Sometimes heart rhythm disturbances also occur under the influence of exogenous factors: excessive consumption of coffee, alcohol, tobacco. Some types of arrhythmias can also develop in healthy people in response to physical activity or nervous tension.
The arrhythmic variant of IHD is spoken of only in cases where cardiac arrhythmias are the only symptom of this disease. The diagnosis of coronary artery disease remains presumptive until ECG, Holter monitoring and coronary angiography are performed, which reveal various heart lesions.

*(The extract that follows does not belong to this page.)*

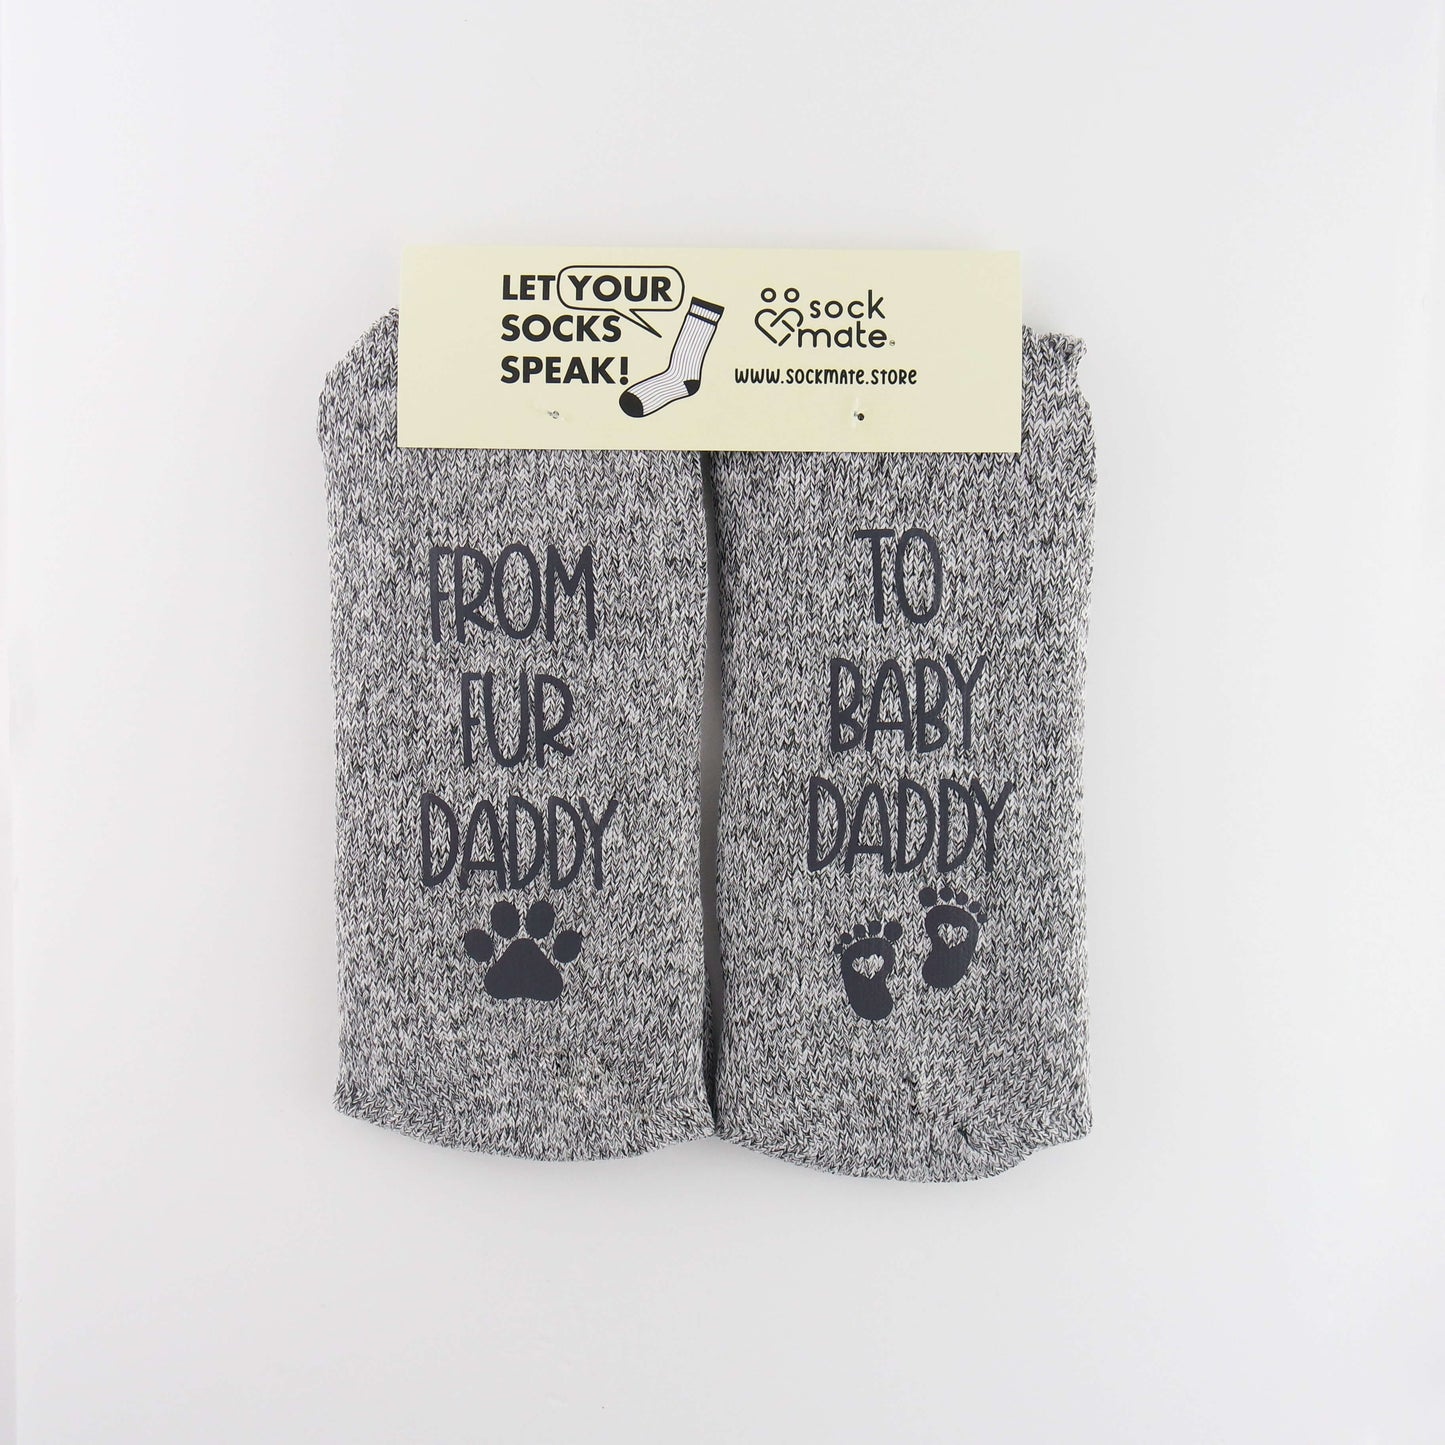 "From Fur Daddy to Baby Daddy" New Dad Socks

However, in most patients, arrhythmias are combined with other clinical forms of IHD. Rhythm disturbances are also a common symptom of atherosclerotic cardiosclerosis, especially with angina pectoris or heart failure. However, despite the many reasons that can cause rhythm disturbances, all arrhythmias can be divided into three main groups: those associated with impaired impulse formation, those associated with impaired impulse conduction, and combined arrhythmias. Table 1 presents the classification of arrhythmias depending on the mechanism of their occurrence.
Table 1.
Classification of arrhythmias depending on the mechanism of occurrence
Mechanism of occurrence | Impulse formation disorders | Impulse conduction disorders | Combined disorders |
Types of rhythm disturbances | Sinus tachy- and bradyarrhythmias, sick sinus syndrome, ectopic rhythms (non-paroxysmal tachycardias), extrasystoles, ventricular tachycardias, fibrillation and flutter of the atria and ventricles | Blockades: sinoatrial, intraatrial, atrioventricular; premature ventricular excitation syndrome | Atrioventricular dissociations, ectopic rhythms with block, parasystoles* |
* Rarely encountered
The diagnosis of “cardiac arrhythmia” is always based on clinical and electrocardiographic data, and treatment includes therapy for the underlying disease and antiarrhythmic measures themselves.